The storeroom was at the far end, near the bottom of the cleft. Traversing the
final stretch of rope bridge, Atrus slowed. Here, water bubbled up from an
underground spring, seeping through a tilted layer of porous rock, making the
ancient steps wet and slippery. Farther down a channel had been cut into the
rock, directing the meager but precious flow across the impermeable stone at the
bottom of the cleft into the natural depression of the pool. Here, too, was the
place where his mother was buried. At one end of it lay a small patch of
delicate blue flowers, their petals like tiny stars, their stamen velvet dark.

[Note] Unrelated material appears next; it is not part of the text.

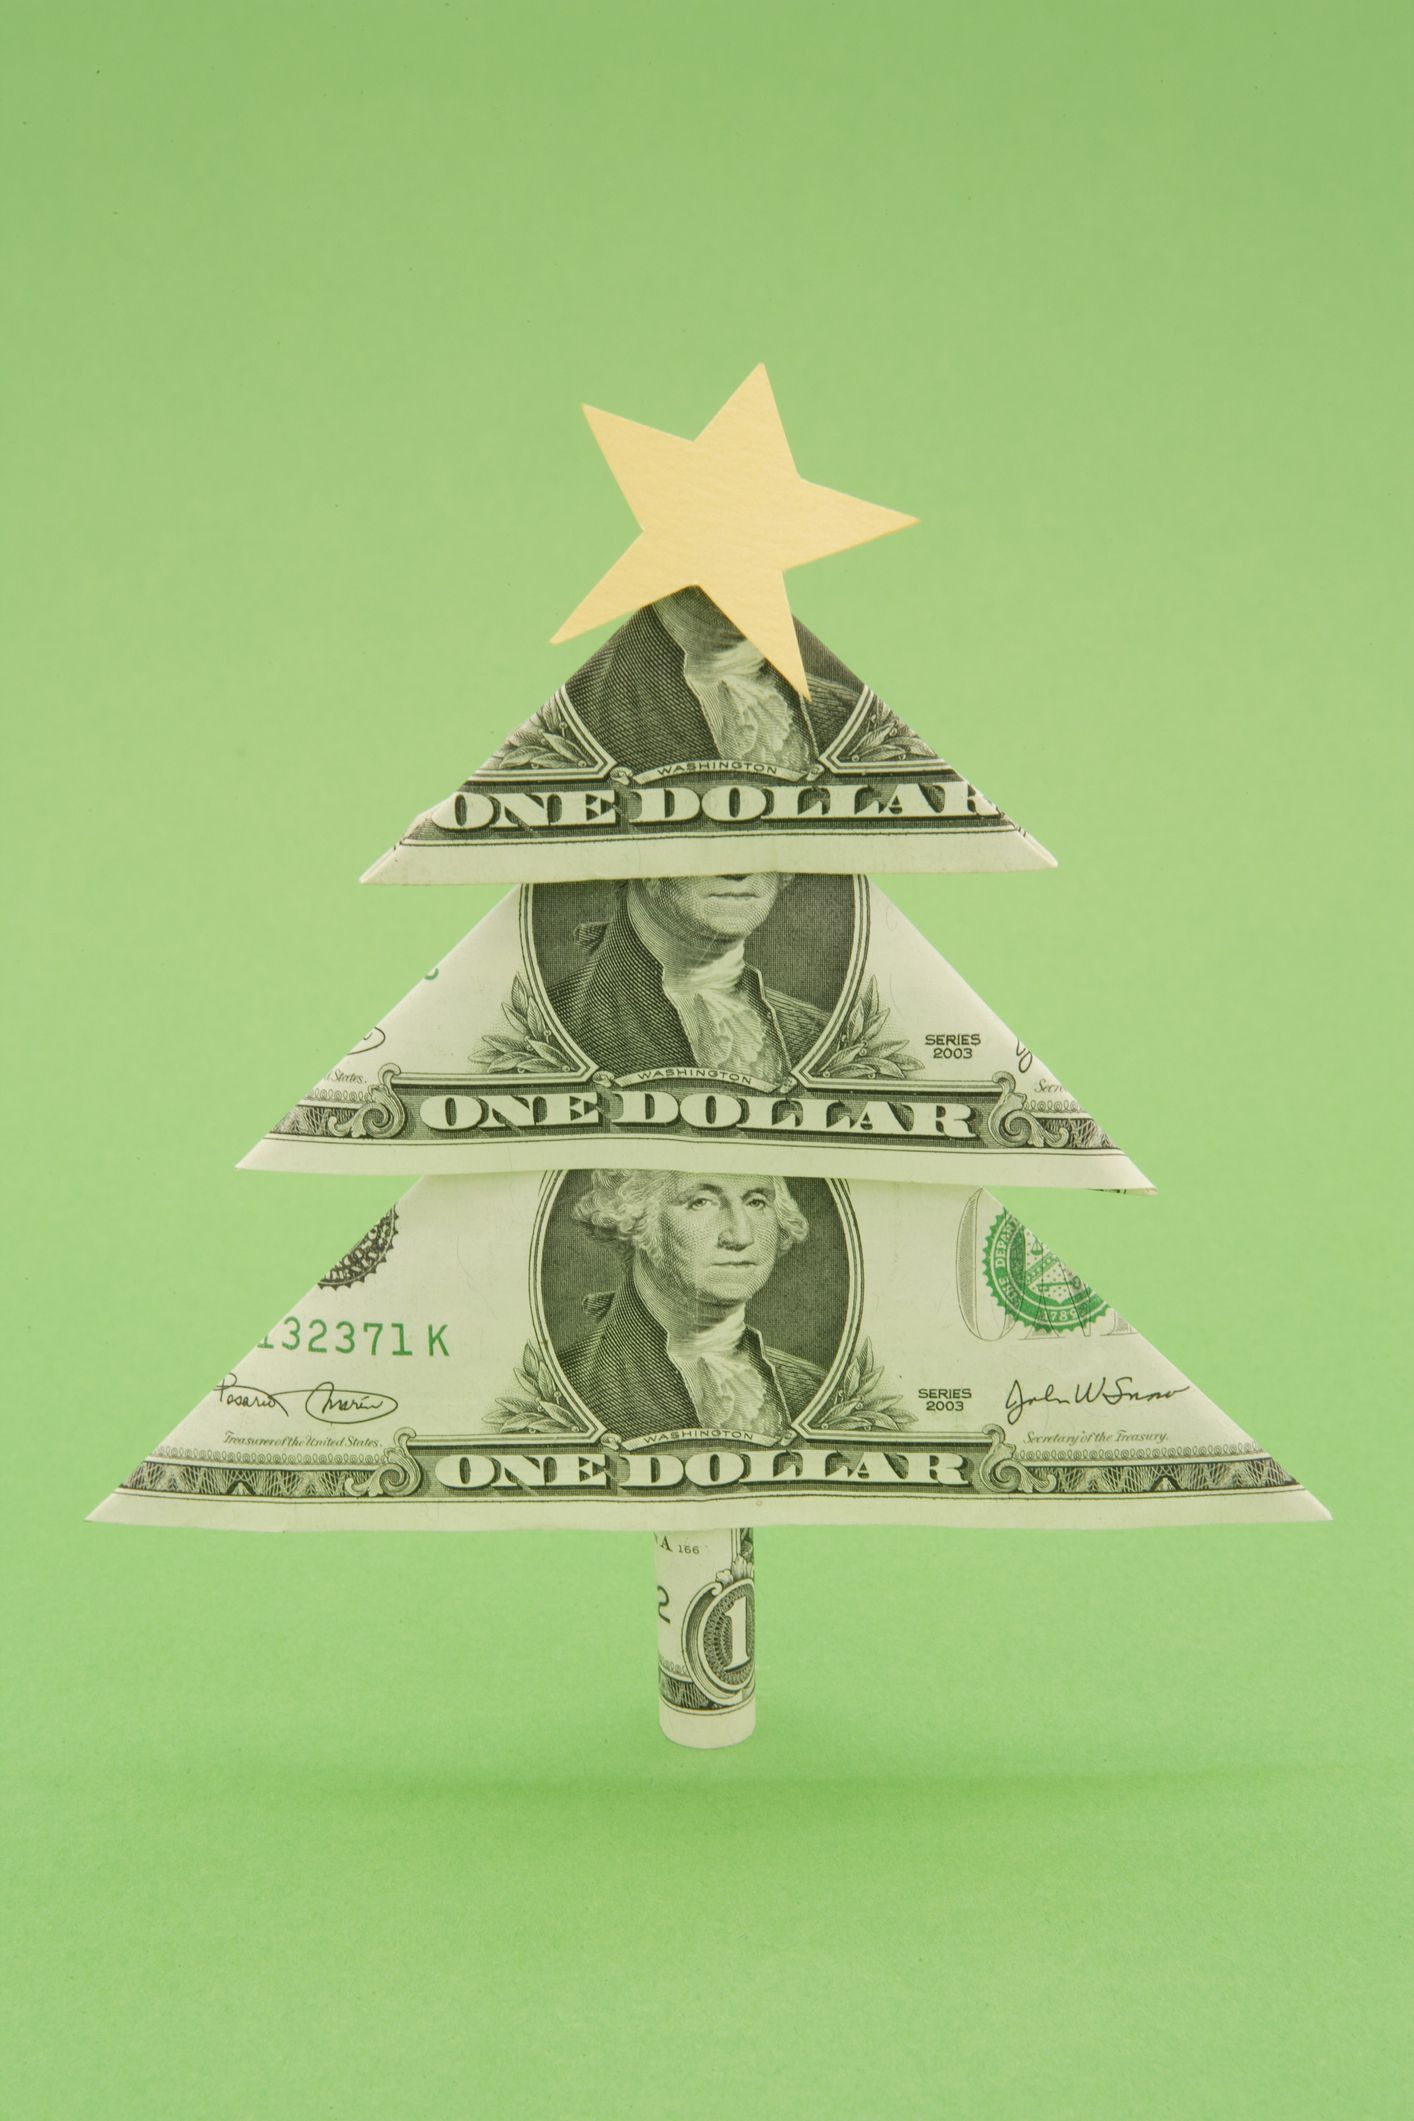 Money Tree Dollars Bills Craft Tutorial DIY Gift Decoration - YouTube | Christmas  money, Diy crafts for gifts, Money origami | 2121x1414

After the searing heat of the desert sand, the coolness of the damp stone
beneath his feet was delightful. Down here, almost thirty feet below the
surface, the air was fresh and cool, its sweet scent refreshing after the
dryness of the desert outside. There was the faintest trickling of water, the
soft whine of a desert wasp. Atrus paused a moment, lifting the heavy glasses
onto his brow, letting his pale eyes grow accustomed to the shadow, then went on
down, ducking beneath the rock overhang before turning to face the storeroom
door, which was recessed into the stone of the cleftwall.

The surface of that squat, heavy door was a marvel in itself, decorated as it
was with a hundred delicate, intricate carvings; with fish and birds and
animals, all of them linked by an interwoven pattern of leaves and flowers.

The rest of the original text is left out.